Hyperscale AI datacenters are the facilities getting most of the national attention right now.

These are enormous campuses built by or for major cloud and AI companies. They are often designed for:

  • AI model training
  • GPU compute clusters
  • Large-scale cloud workloads
  • Massive storage systems
  • AI inference at scale

These projects can be hundreds of acres. They can require hundreds of megawatts of power. Some future proposals are even larger.

This is where many of the serious concerns come from.

The Real Concerns With Hyperscale AI Facilities

The criticism of hyperscale AI datacenters is not baseless.

Large projects can create real community tradeoffs.

Power Consumption

Large AI datacenters can require enormous amounts of electricity.

That can create concerns around:

  • Grid capacity
  • Utility upgrades
  • Energy pricing
  • New generation requirements
  • Infrastructure costs passed on to ratepayers

A smaller regional facility may barely register compared to a massive AI campus. Scale matters.

Water Usage

Some datacenter cooling designs use significant water.

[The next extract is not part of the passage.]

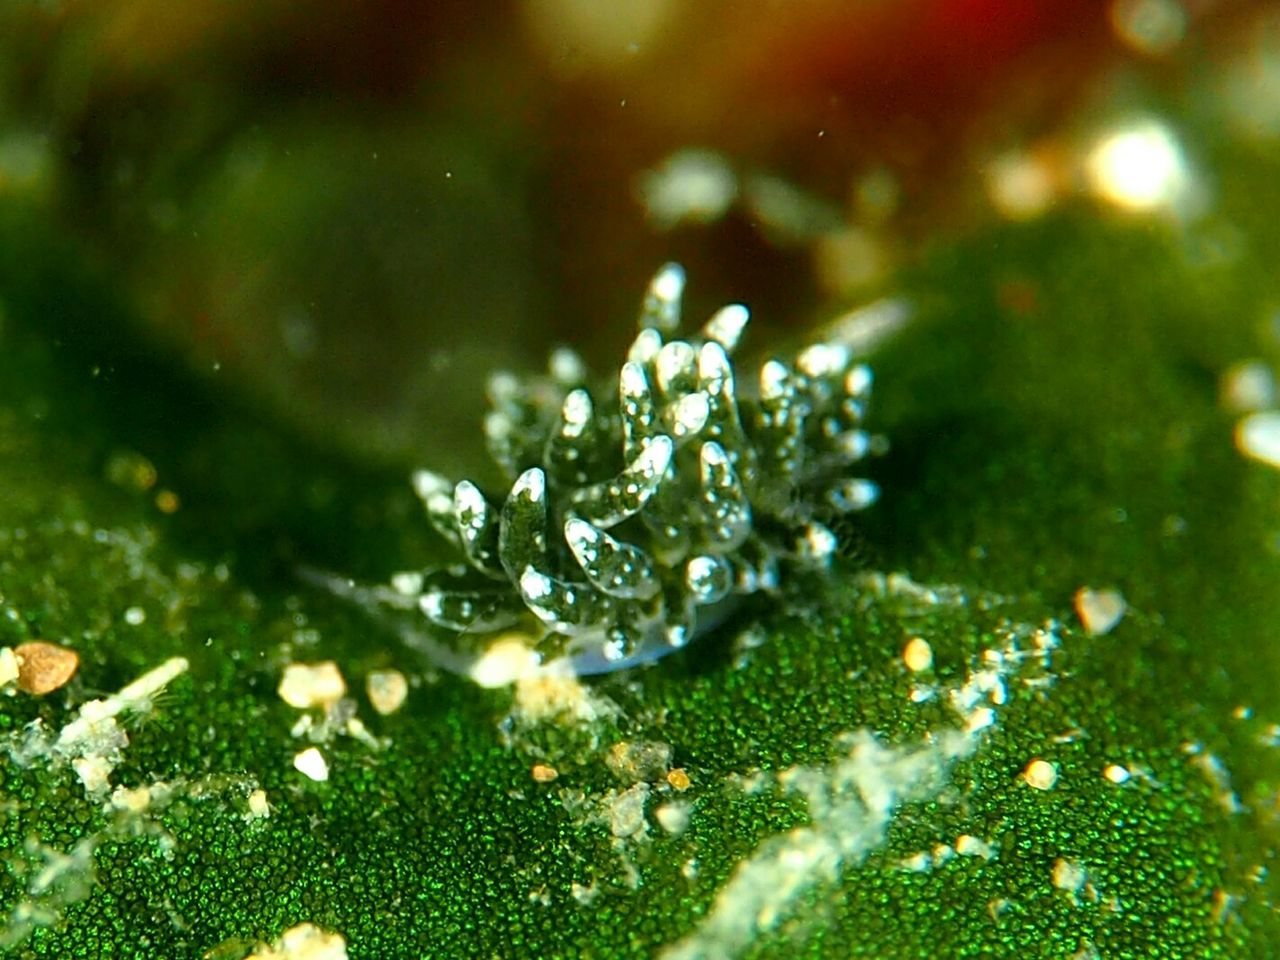 CLOSE-UP OF WATER ON LEAF

That makes it important to ask:

  • What cooling method will be used?
  • How much water will be required?
  • Where will the water come from?
  • Is the usage sustainable?
  • What happens during drought or peak demand?

Not every datacenter uses the same cooling model, so this should be evaluated based on the actual project.

Limited Long-Term Employment

Large datacenter projects can create significant temporary construction work, but long-term staffing is often more modest than people expect.

That does not mean the jobs are worthless. Many are skilled, technical, and well-paying.

But communities should be realistic about the permanent employment numbers, especially if large incentives are being discussed.

Tax Incentives and TIF

This may be the most important local issue.

A datacenter can be a good project, a bad project, or somewhere in between depending on the public deal.

Cities should be cautious with:

  • Tax abatements
  • TIF districts
  • Sales tax exemptions
  • Utility discounts
  • Public infrastructure subsidies

There is a big difference between a project that pays its way and strengthens the tax base, and a project where the public gives away too much of the upside.

The details matter.

The Bottom Line

Hutchinson should ask questions. That is how local government is supposed to work.

But the conversation should be grounded in the actual scale of what is being discussed.

Based on the publicly discussed size, this does not appear to be a massive AI datacenter campus. It appears much closer to a small regional colocation or enterprise-style facility.

That does not automatically make it good.

It also does not automatically make it bad.

The right approach is to evaluate the actual proposal when details are available:

  • What is the size?
  • What is the use?
  • What are the power and water requirements?
  • What infrastructure is needed?
  • What incentives are being requested?
  • What is the net benefit to the community?
  • What protections are included for residents and taxpayers?

“Datacenter” is a broad term. Some are massive resource-intensive AI campuses. Some are modest infrastructure facilities that can strengthen local connectivity and support business growth.

Those should not be treated as the same thing.

A rational conversation starts with scale, facts, and a clear-eyed look at the tradeoffs.